The Directors have pleasure in presenting their TWENTY NINTH ANNUAL REPORT together with the Audited Accounts of the Company for the year ended on 31st day of March 2014.

FINANCIAL HIGHLIGHTS:

(Rs. in Lacs)

For the For the year year ended ended on on 31.03.2014 31.03.2013

Turnover 135.93 227.26

Other Income 3.124 203.04

Total Income 139.05 430.30

Total Expenditure 422.83 867.10

Profit / (Loss) before Taxation (283.78) (436.80)

Provision for Tax 126.01 52.58

Profit / (Loss) after Taxation (157.76) (384.23)

OPERATIONAL REVIEW:

The Sales for the period ended 31.03.2014 were at Rs. 135.93 lacs as against Rs. 227.26 Lacs for the previous year. The loss After Tax is Rs. 157.76 Lacs against loss after tax of Rs. 384.23 Lacs for the previous year.

FUTURE OUTLOOK :

In the wake of ongoing economic scenario the outlook of the company looks bleak. Although the economy seems on its way to a recovery, the State of Telangana (Previously Andhra Pradesh) is still going through some turmoil. The State Owned Units are getting bifurcated and has proven to be a challenge. Hence the number of "bandhs" called by both sides of the party frequently. Power supply in the State of Telangana has not improved.
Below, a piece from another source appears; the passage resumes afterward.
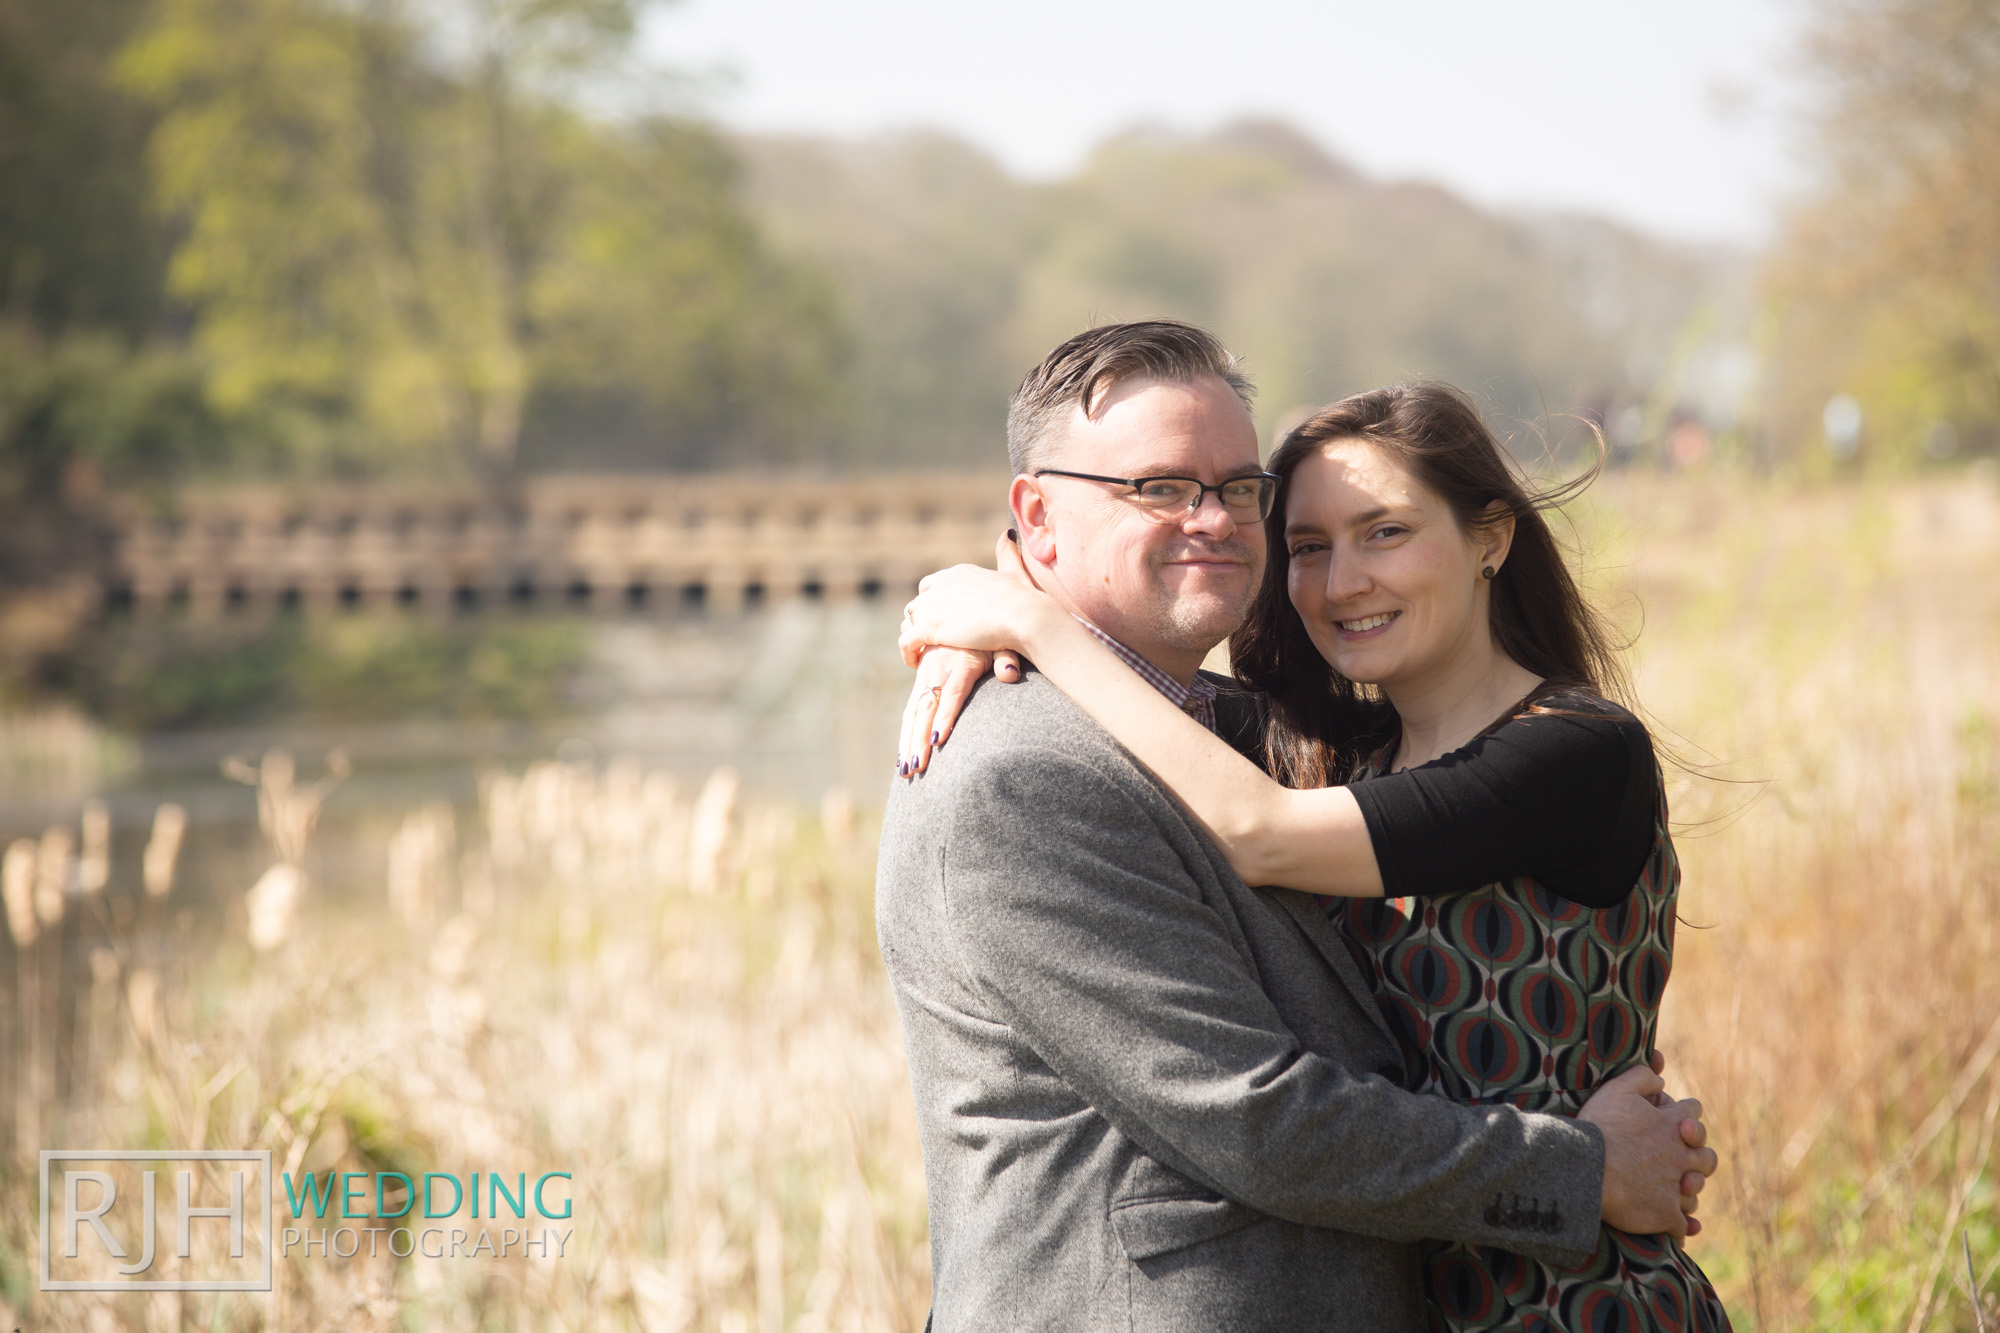 Pre-wedding photography - Richard & Rachel_016_3C2A8208.jpg

The state distribution company (APCPDCL) has increased power bills by means of collecting FSA charges and other miscellaneous charges to pay for their financial deficit besides there is no power for 4 days in week for Industries. This is directly related to industrial power bill increase. Since the creation of the new state and a very inexperienced government coming to power, there is much work to do to get the state on a path of economic recovery.
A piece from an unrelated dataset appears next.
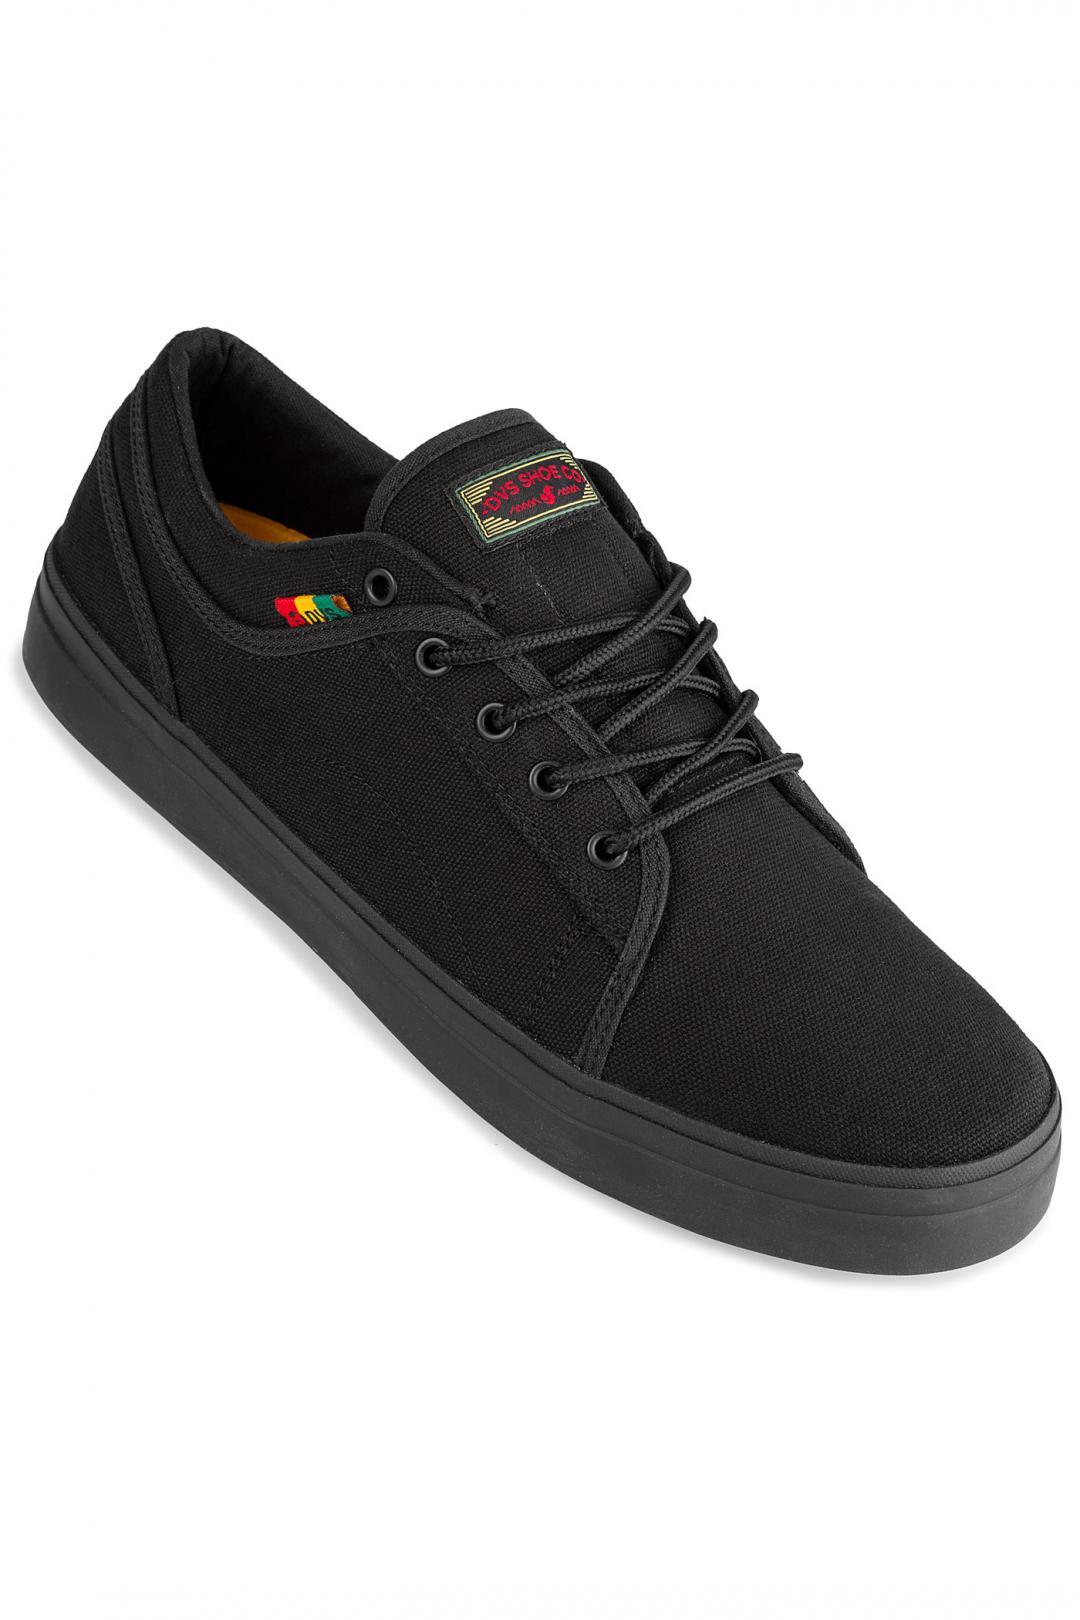 Uomo DVS Aversa+ Canvas black rasta | Sneakers low top

Looking at all the above issues of global as well as local grim economic condition experienced by economy, business, Nation and World at large, we the Director of the company are not hopeful of continuing business of manufacturing conductor by the company and hence as a matter of abundant precaution, and for preserving economic value of the company and as a prudent norms of business decided to suspend its manufacturing and Job work activity. Company has decided to reassess the opportunities, Scope, threat and value of company. We are in talks with the Bank to settle their dues against the assets of the Company.

DIVIDEND:

In view of the loss and suspension of the company s operation, your Directors have decided not to recommend any dividend for the year under operation.

MANAGEMENT DISCUSSION AND ANALYSIS:

As required by clause 49 of the Listing Agreement with the Stock Exchange, a Management Discussion and Analysis Report are appended.

DIRECTORS:

Mr. Mahendra C Shah retires by rotation at the ensuing Annual General Meeting and being eligible offers himself for re-appointment. Your Directors recommends his re- appointment.

The Company has two independent Directors, appointed under the Listing Agreement, namely Mr. N. S. Rangnathan and Mr. Vikram Shah, who have diverse business/administrative experience and are making significant contribution to the Company. At present, they are liable to retire by rotation. It is proposed to appoint them as Independent Directors, until the conclusion of next Annual General Meeting, subject to approval of the shareholders, in terms of Section 149 of Companies Act, 2013 (the Act). The Company has received separate notices under Section 160 of the Act from members signifying their Candidature as Directors along with requisite deposit as prescribed thereunder. All above mentioned Independent Directors have also given declarations that they meet the criteria of independence as provided in sub-section 6 of Section 149 of the Act.

PERSONNEL:

There were no employees during the year or part of the year drawing remuneration, which falls within the preview of the provisions of Section 217 (2A) of the Companies Act 1956.

AUDITORS'' REPORT:

The observation made in the Auditors Report read together with relevant notes thereon are self explanatory and hence do not call, any further comments under Section 217 of the Companies Act 1956.

AUDITORS:

The Auditors M/s Sandip V. Doshi & Co., Chartered Accountants, Mumbai hold the office until the conclusion of ensuing Annual General Meeting. Your company has received certificate from the Auditors U/S 224(1B) of the Companies Act, 1956 to the effect that their reappointment if made, shall be in accordance with prescribed conditions and the said Auditors satisfy the criteria provided in Section 141 of the Companies Act, 2013.

FIXED DEPOSITS:

The Company has not invited / accepted / renewed any fixed deposits as per the provisions of Section 58 A of the Companies Act 1956 from the public during the year under review.

CORPORATE GOVERNANCE:

A separate report on the Corporate Governance and Management Discussion & Analysis is attached as a part of the Annual Report. The Auditors Certificate regarding compliance of the conditions of Corporate Governance is also annexed.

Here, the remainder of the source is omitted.